Domani sera comincerà questo lungo week end per Roma, una città che per l'occasione sarà sicura ma non militarizzata.

Sì, io preferisco evitare questa espressione: Roma sarà una città presidiata con risorse sufficienti a garantire la sicurezza dell’evento. Siamo impegnati da due mesi per pianificare tutte le misure organizzative: ora siamo alla stretta finale, stiamo stringendo i bulloni per passare alla fase di gestione.

Ci sarà uno speciale sistema di videosorveglianza e anche il fiume Tevere sarà oggetto di particolare attenzione. È corretto?

Sì, tutte le località interessate dall’evento saranno presidiate. Il Tevere sarà vigilato dalla polizia fluviale e da altre risorse che abbiamo impegnato proprio per garantire a tutta l’area intorno a San Pietro il massimo livello di attenzione e sicurezza. Per quanto riguarda la videosorveglianza abbiamo un elicottero che sorvolerà tutte le zone interessate e manderà le immagini al centro per la gestione della sicurezza dell’evento, oltre che negli uffici del questore e del capo di gabinetto, per consentire ai responsabili di prendere delle decisioni in tempo reale nel caso in cui dovesse rendersi necessaria una rimodulazione dei dispositivi.
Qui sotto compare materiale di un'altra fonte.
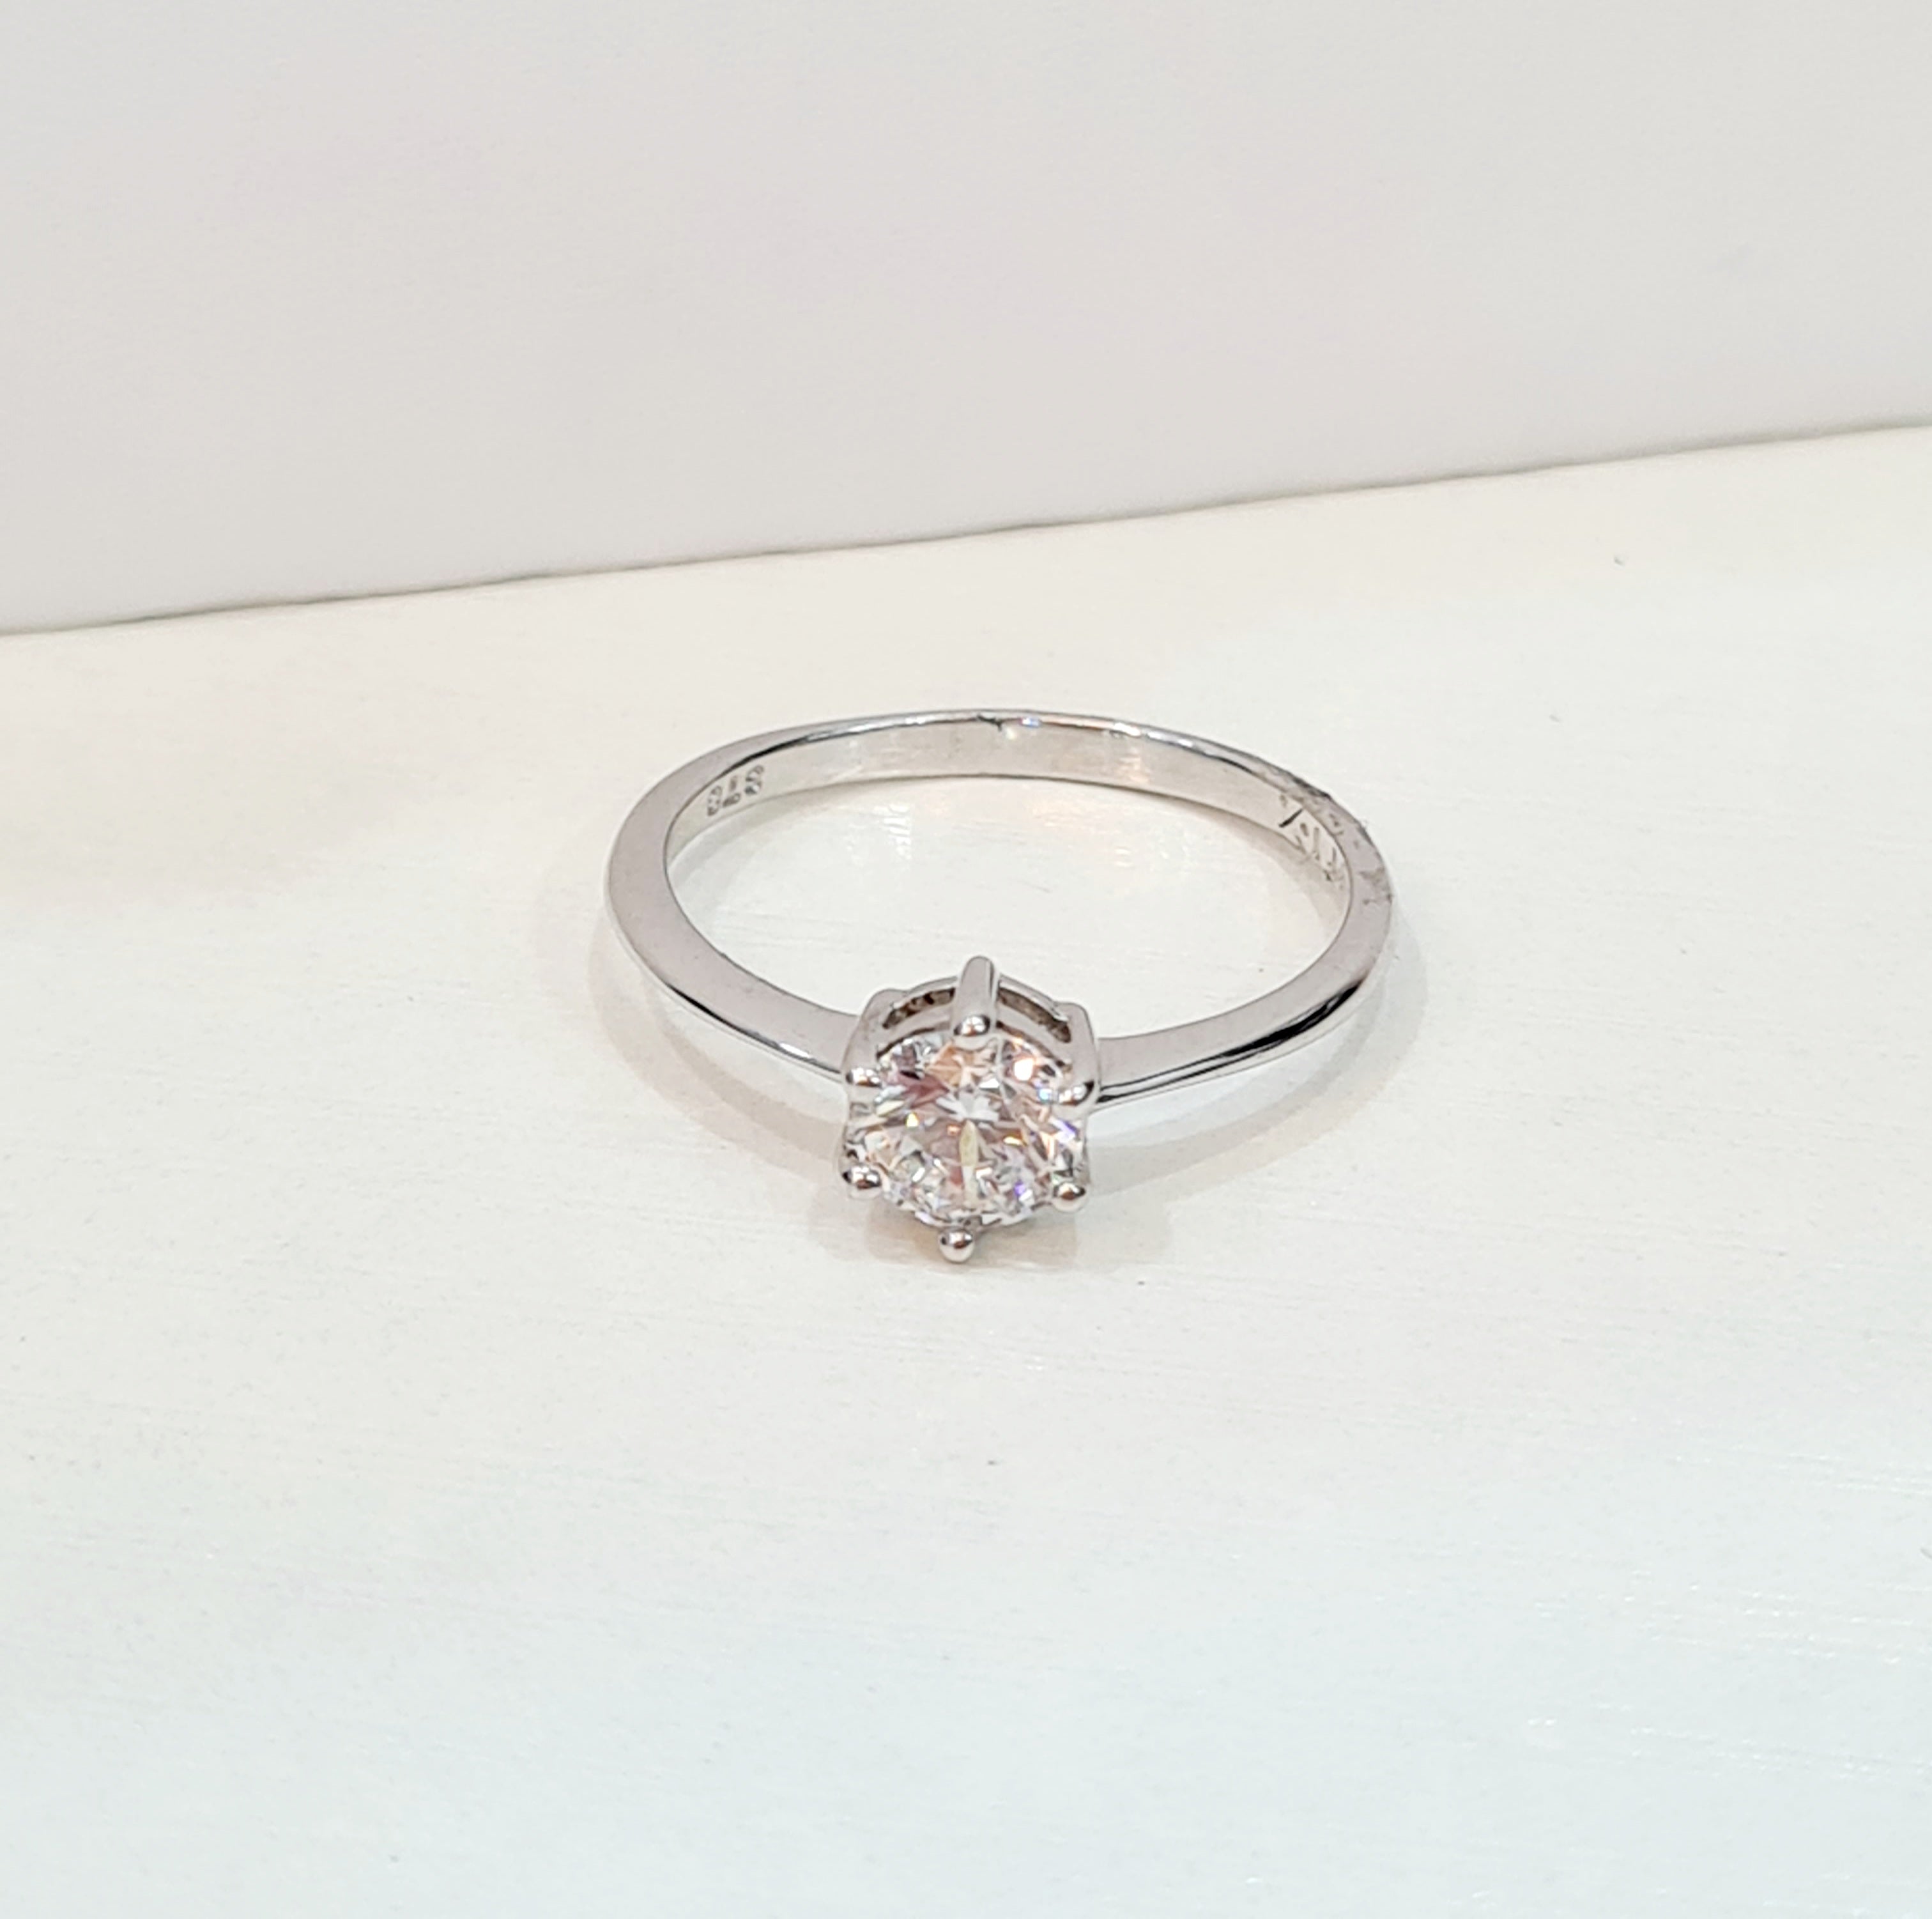 Sparkling 0.63 carats Solitaire Ring

Come lavorerà la Questura in questi giorni?

La pianificazione termina oggi alle dieci con l’ultimo tavolo tecnico per mettere a punto le ultime misure. Poi viene varata l’ordinanza di servizio e si passa alla fase della gestione: ogni funzionario assumererà l’incarico che gli è stato assegnato nelle varie zone della città.

Dopo l’attentato di ieri a Marrakech, in Marocco, cambia qualcosa?

Noi abbiamo un sistema che è garantito dal Casa, il Comitato di Analisi Strategica Antiterrorismo, un organismo che risiede all’interno del Ministero dell’Interno e che è presieduto dal Direttore centrale della polizia di prevenzione: è un organismo che fa un’analisi per vagliare tutte le informazioni su possibili minacce. Alle autorità di pubblica sicurezza arrivano quindi notizie già filtrate. Oggi non abbiamo minacce specifiche ma abbiamo un’attenzione massima proprio perché alla vigilia di eventi come questo non si può eludere assolutamente nulla.